Silvia Paparelli, pianista e musicologa, è dal 2001 docente di Storia ed Estetica della Musica presso l’Istituto superiore di Studi musicali “G. Briccialdi” di Terni. Ha suonato per le maggiori istituzioni italiane (I Concerti del Quirinale – in diretta radiofonica europea – Teatro Comunale e Amici della Musica di Modena, Associazione Scarlatti di Napoli, Bologna Festival, Ravello Festival, Festival di Nuova Consonanza, Sagra Musicale Umbra, Festival di Parma, Accademia Filarmonica Romana, Società Barattelli L’Aquila), in Europa (Francia, Germania, Spagna, Norvegia, Polonia, Slovacchia, Estonia, Lituania, Ucraina, Lettonia, Ungheria, Malta) ed estremo oriente. Ha partecipato a numerosissime prime esecuzioni assolute, registrazioni discografiche e RAI.

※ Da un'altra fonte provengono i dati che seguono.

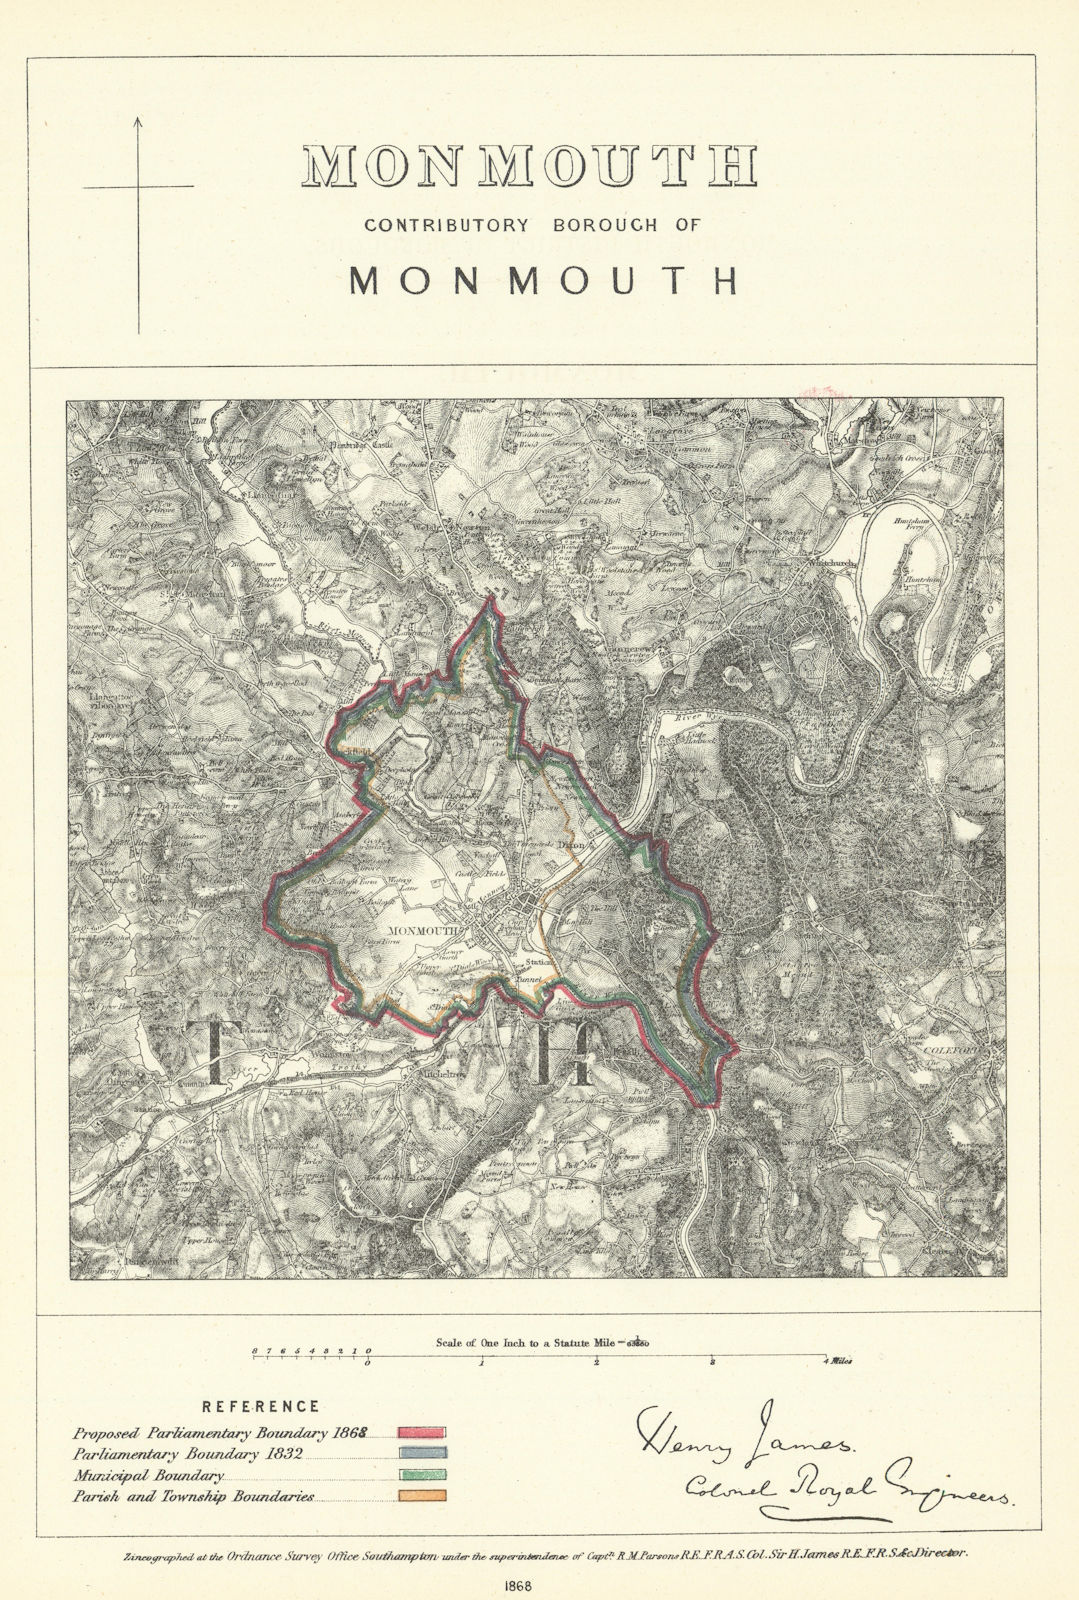 Monmouth Contributory Borough of Monmouth. JAMES. Boundary Commission 1868 map
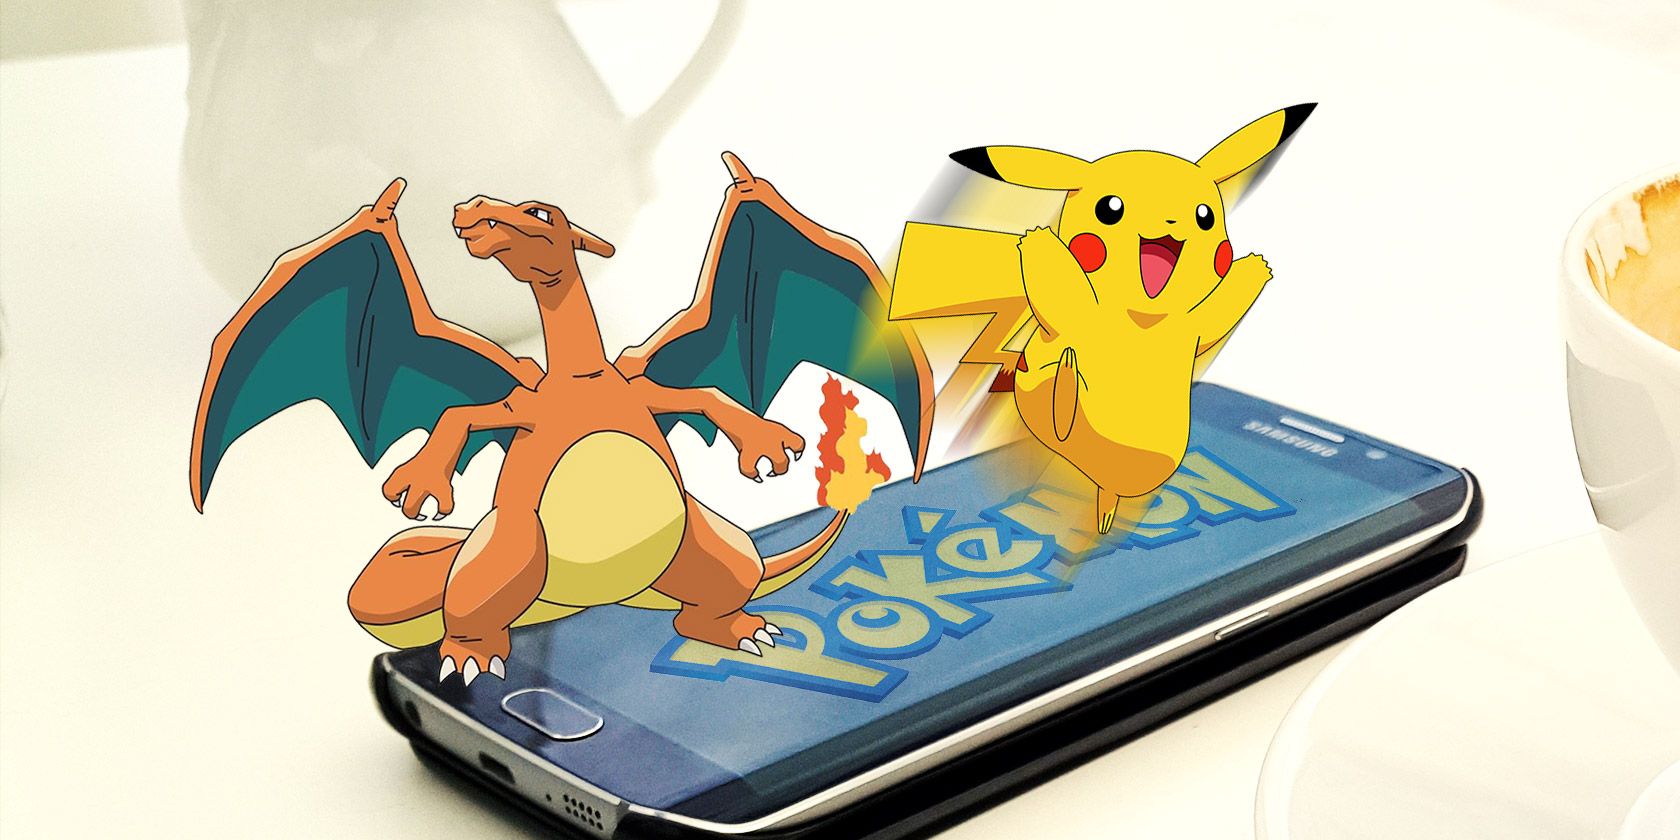 How to Emulate Old Pokemon Games on Your Android Phone

Federico Martusciello, compositore, artista sonoro e studioso delle tecnologie della musica. Nel 2012 abbandona gli studi musicali classici per dedicarsi alla musica elettronica e alle tecnologie del suono. Dal 2014 s’interessa alle tematiche relative alla soundscape composition. Nel 2018 è finalista al XIV Premio delle Arti (Sez. Musica Elettronica e N.T) con il brano Ricostruzione. Dal 2018 si dedica alla ricerca e al censimento dei luoghi del silenzio in Abruzzo e nel 2019 si diploma in Musica elettronica a indirizzo compositivo (A. Di Scipio) presso il Conservatorio A. Casella de L’Aquila. Dal 2021 è membro del Forum Klanglandschaft (FKL) e nello stesso anno viene selezionato come relatore nel simposio internazionale Unheard Landscape a Blois.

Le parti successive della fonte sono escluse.